(Data extract)

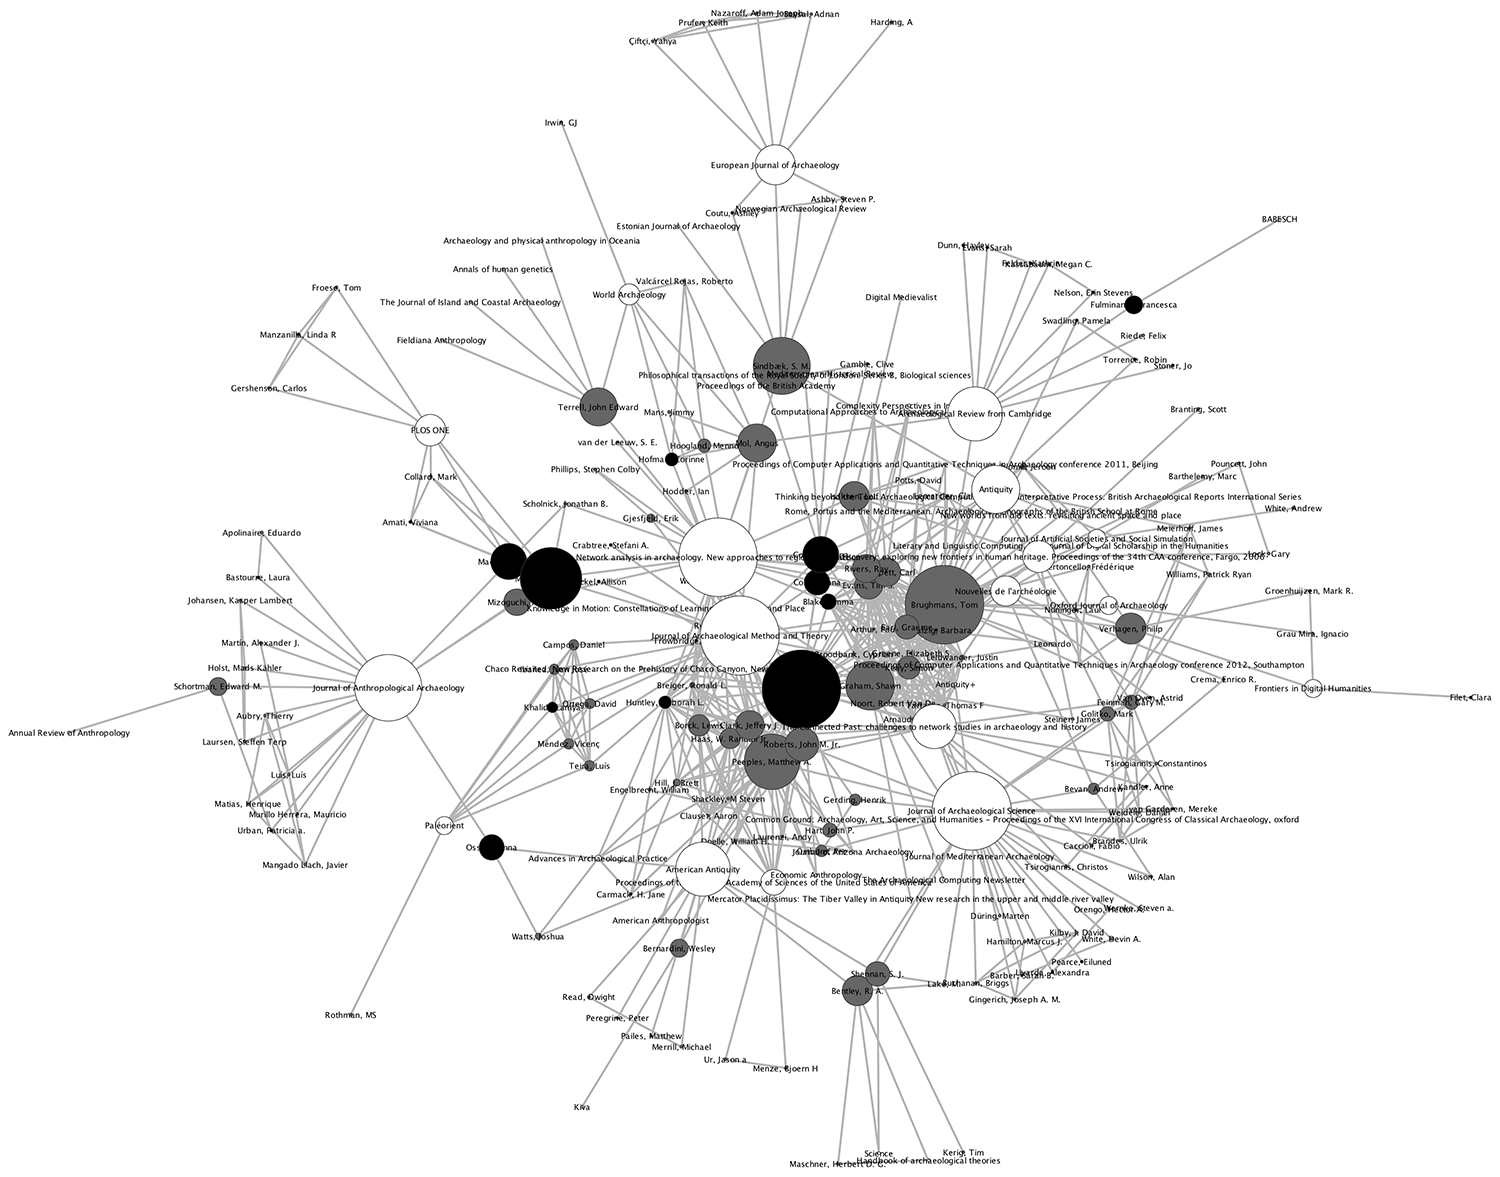 Two-mode archaeological publication network, representing a set of individual authors as nodes who are connected to nodes in a set of publication venues (journals, books, proceedings) in which they have published (see Brughmans and Peeples 2017:Fig. 10).
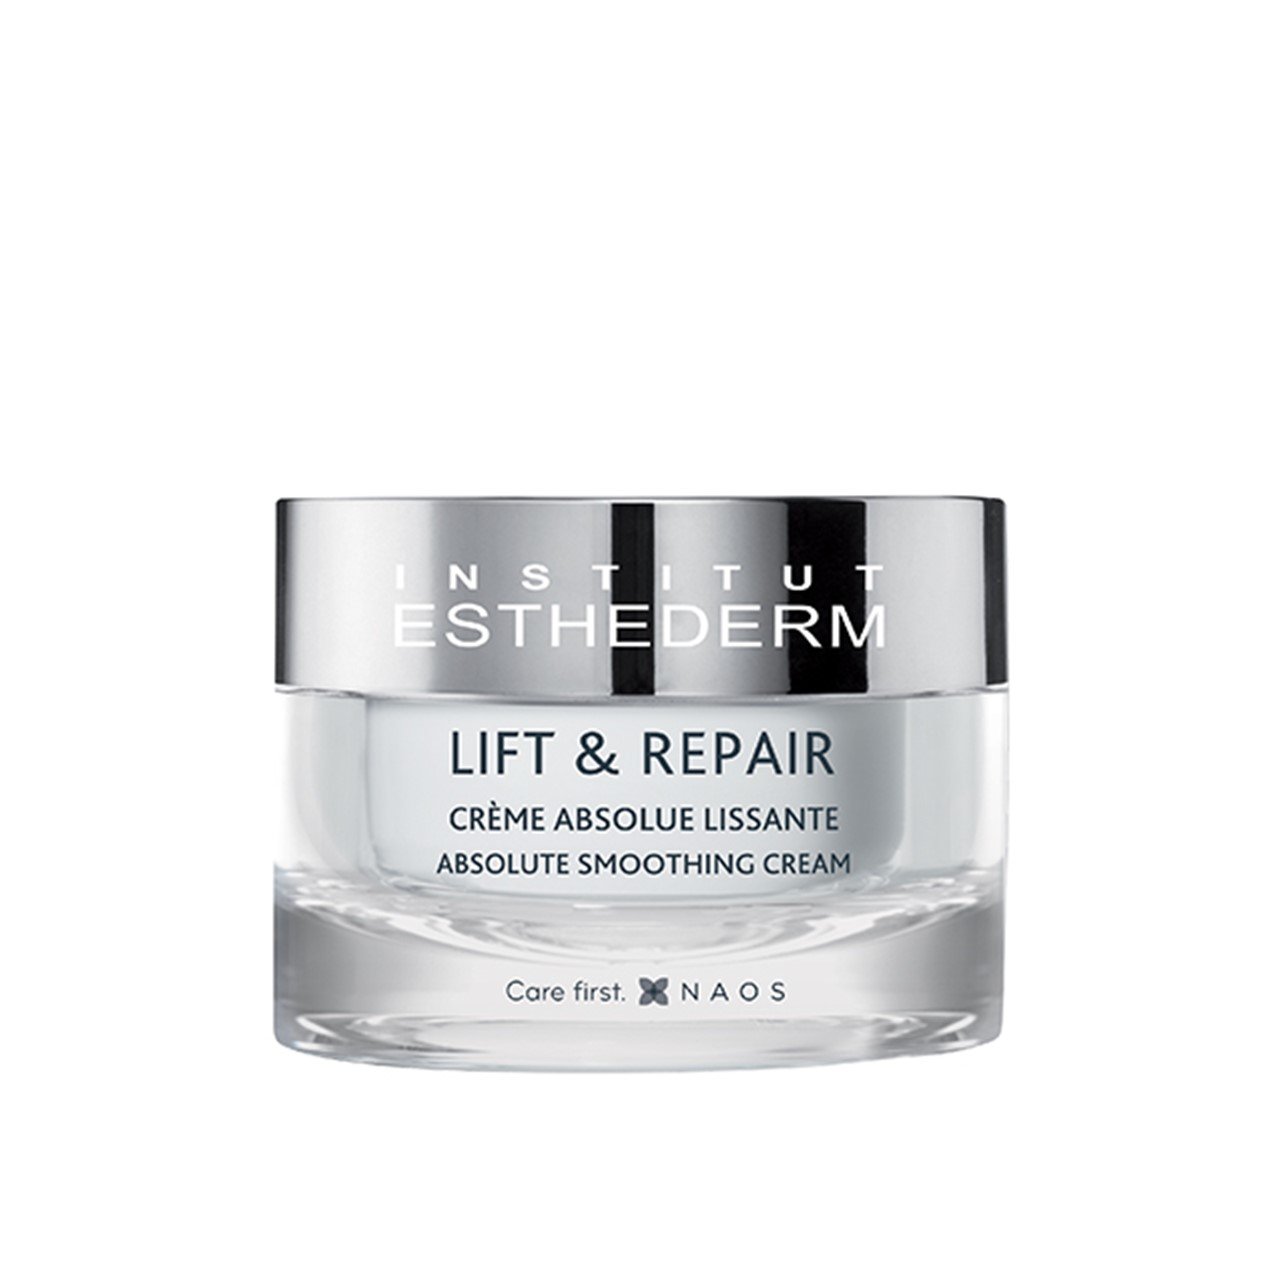 Esthederm Lift & Repair Absolute Smoothing Cream 50ml
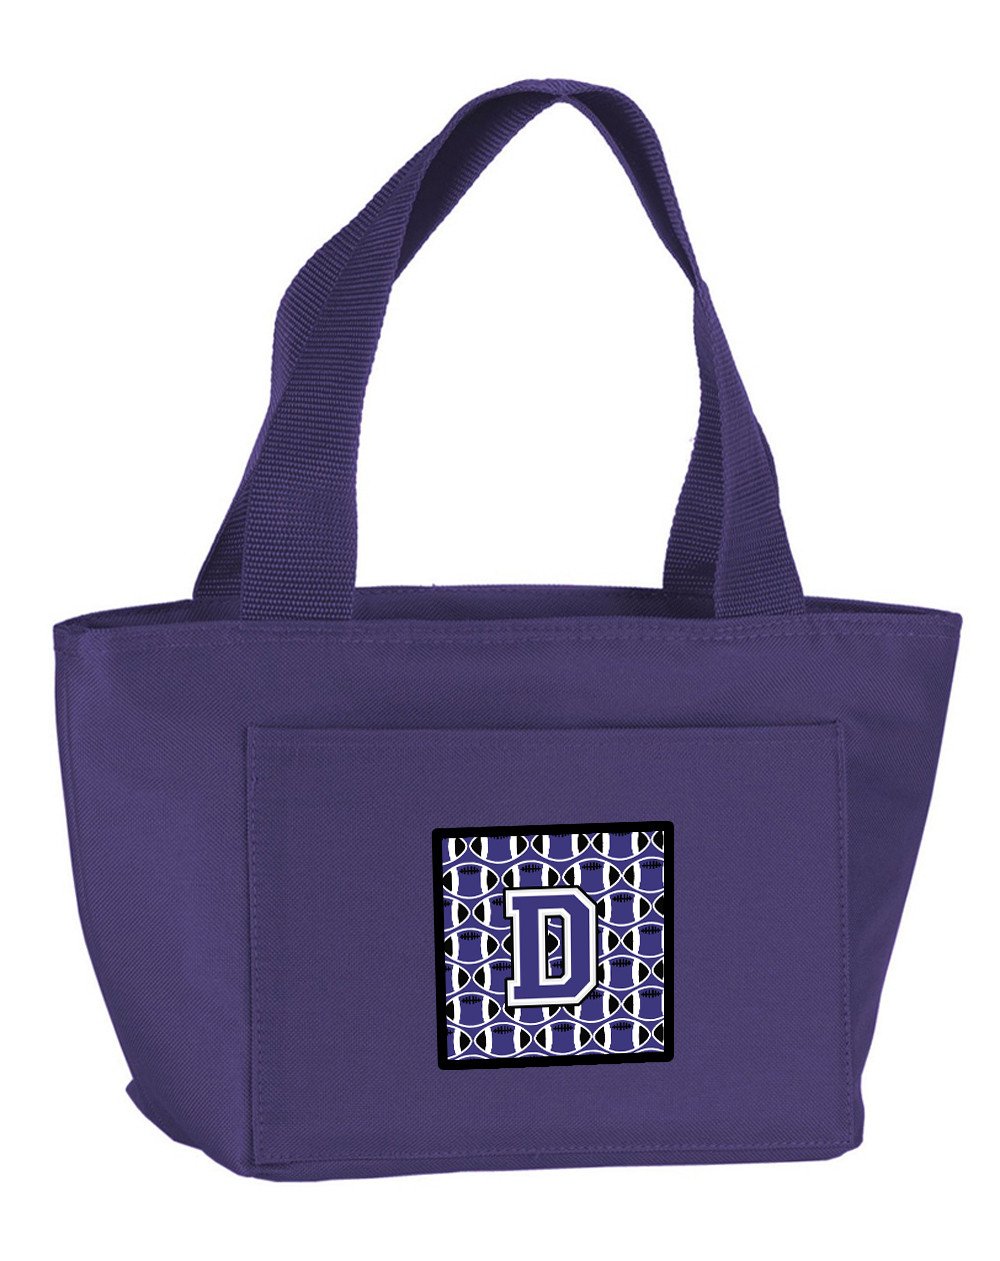 Letter D Football Purple and White Lunch Bag CJ1068-DPR-8808 by Caroline's Treasures
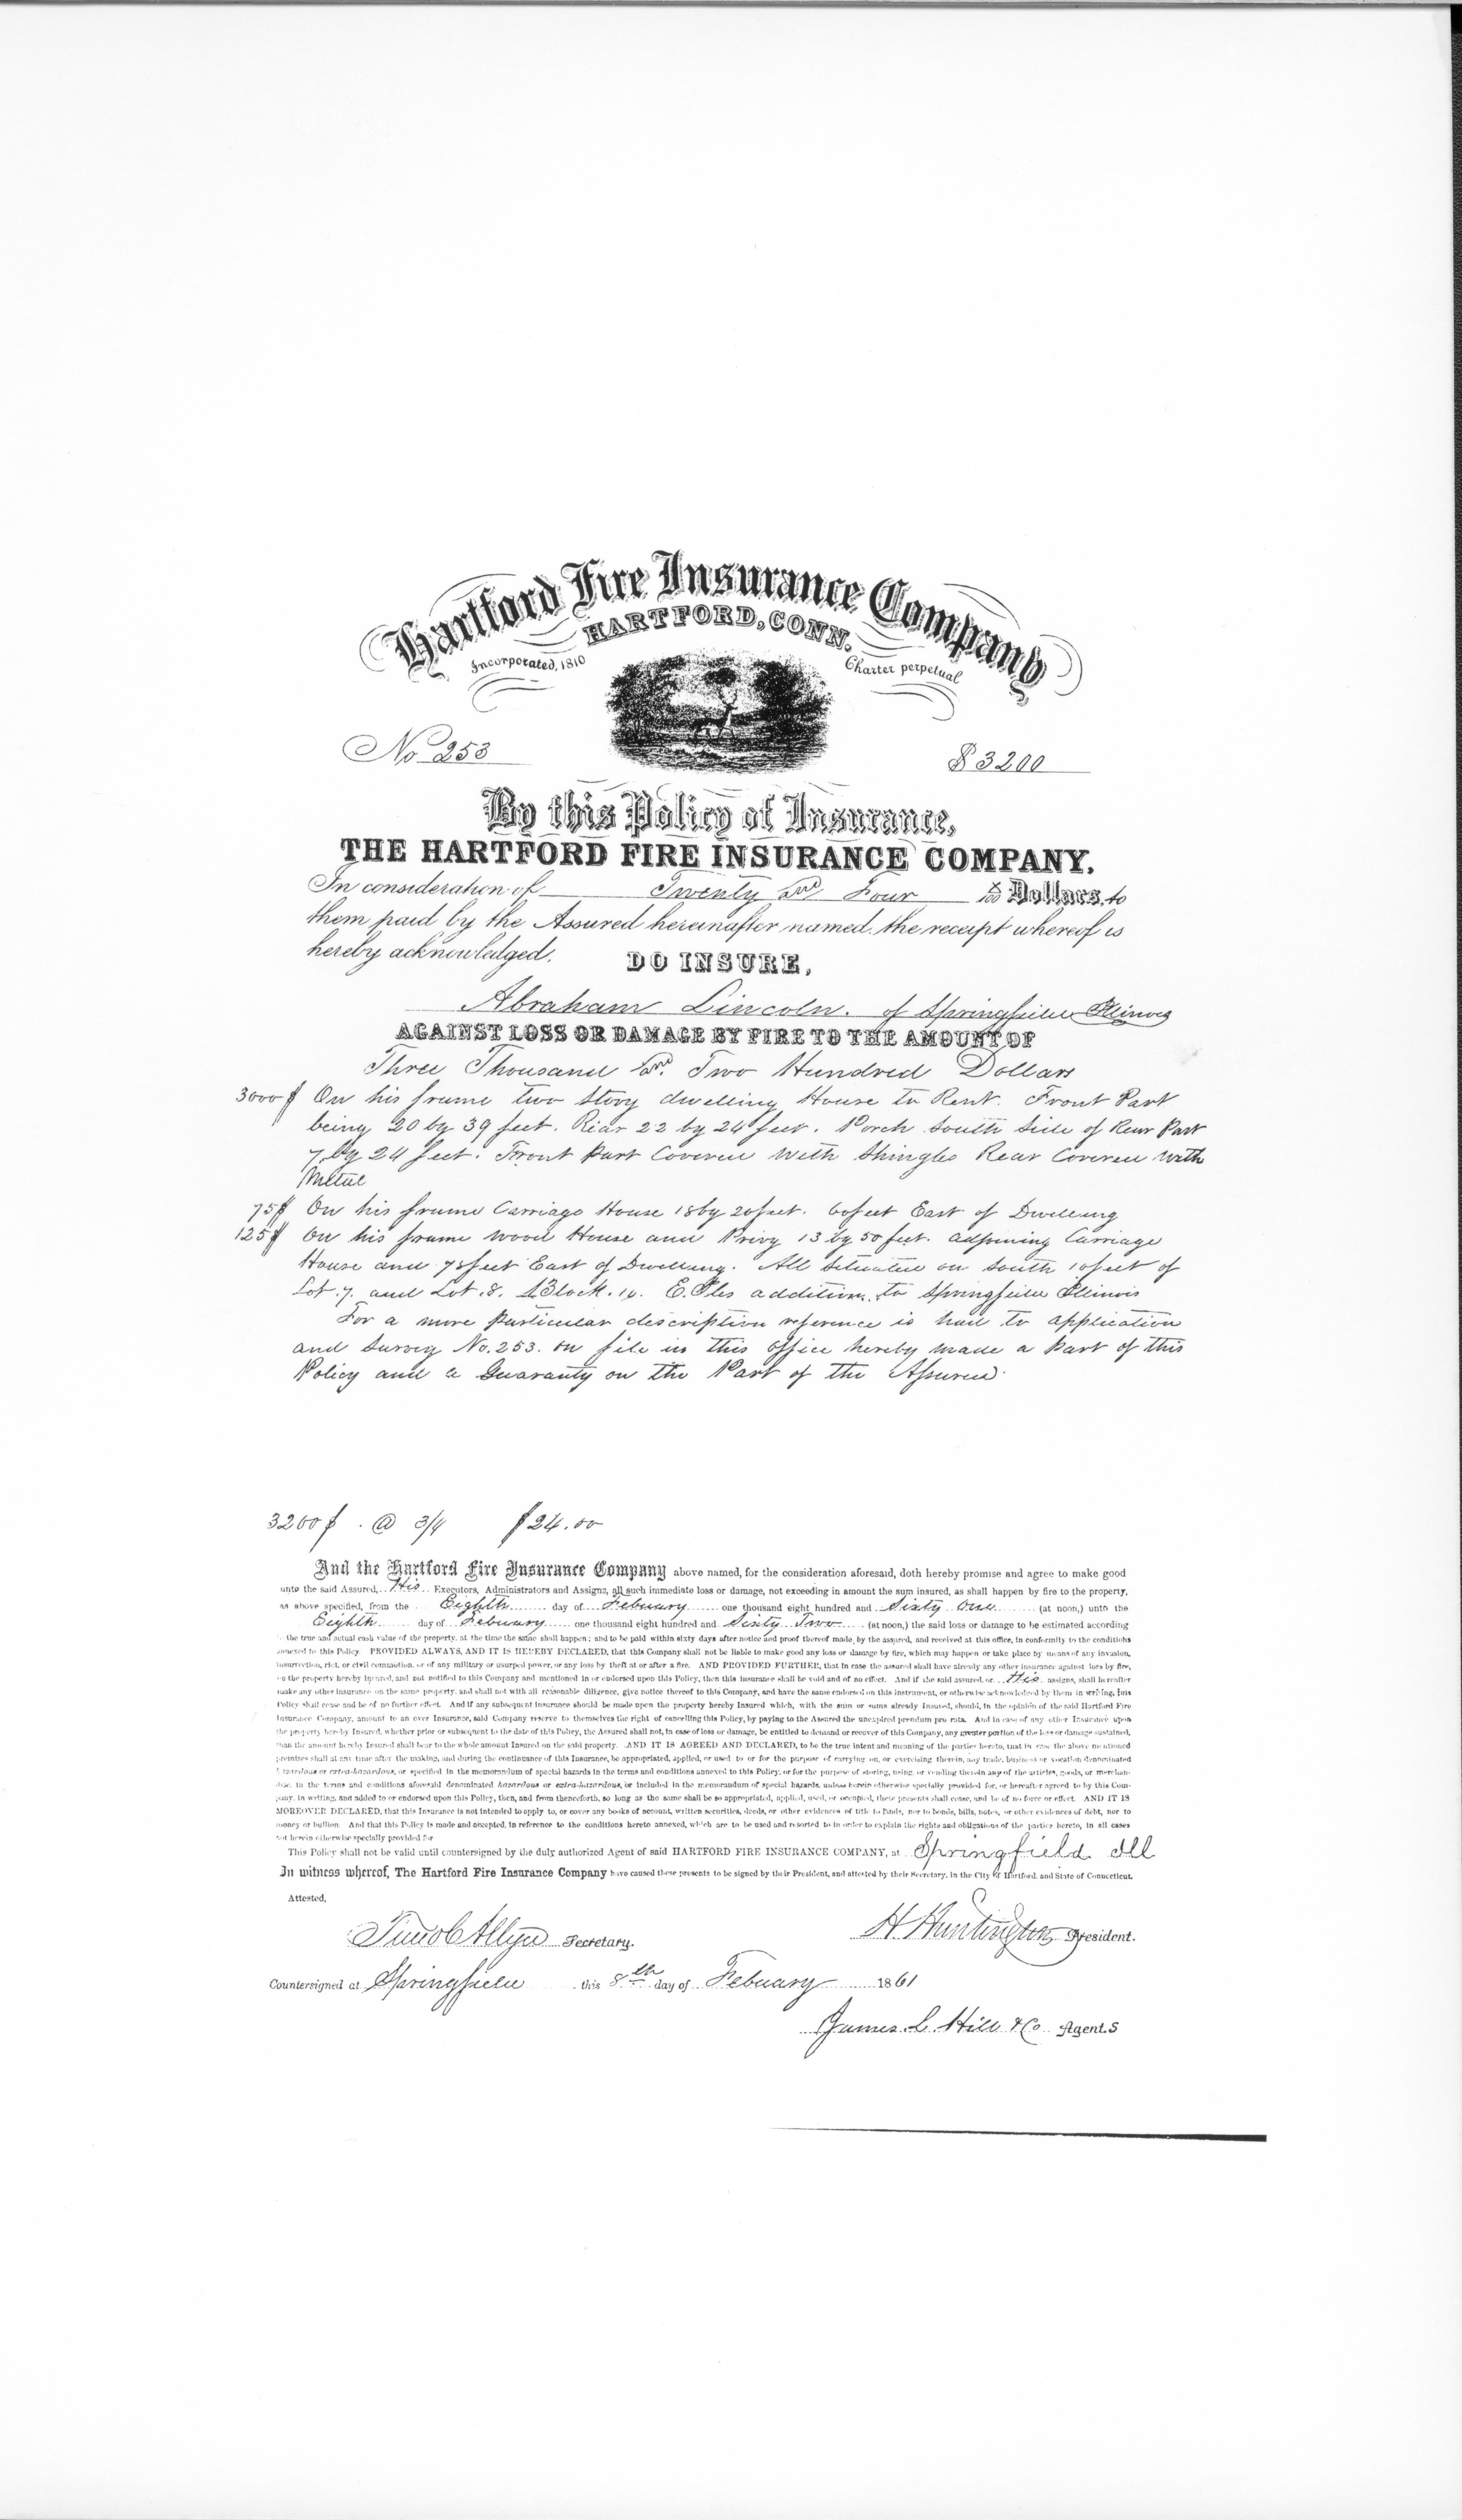 Scan of Hartford Fire Insurance Company document taken out on Lincoln's house and outbuildings on Feb. 8, 1861 Original document owned by Hartford Fire Insurance Company Lincoln Home, insurance, scan

(End Data extract)

Skip the images and set down the rest of the data unchanged.

 Two-mode archaeological publication network, representing a set of individual authors as nodes who are connected to nodes in a set of publication venues (journals, books, proceedings) in which they have published (see Brughmans and Peeples 2017:Fig. 10).
 Esthederm Lift & Repair Absolute Smoothing Cream 50ml
 Letter D Football Purple and White Lunch Bag CJ1068-DPR-8808 by Caroline's Treasures
 Scan of Hartford Fire Insurance Company document taken out on Lincoln's house and outbuildings on Feb. 8, 1861 Original document owned by Hartford Fire Insurance Company Lincoln Home, insurance, scan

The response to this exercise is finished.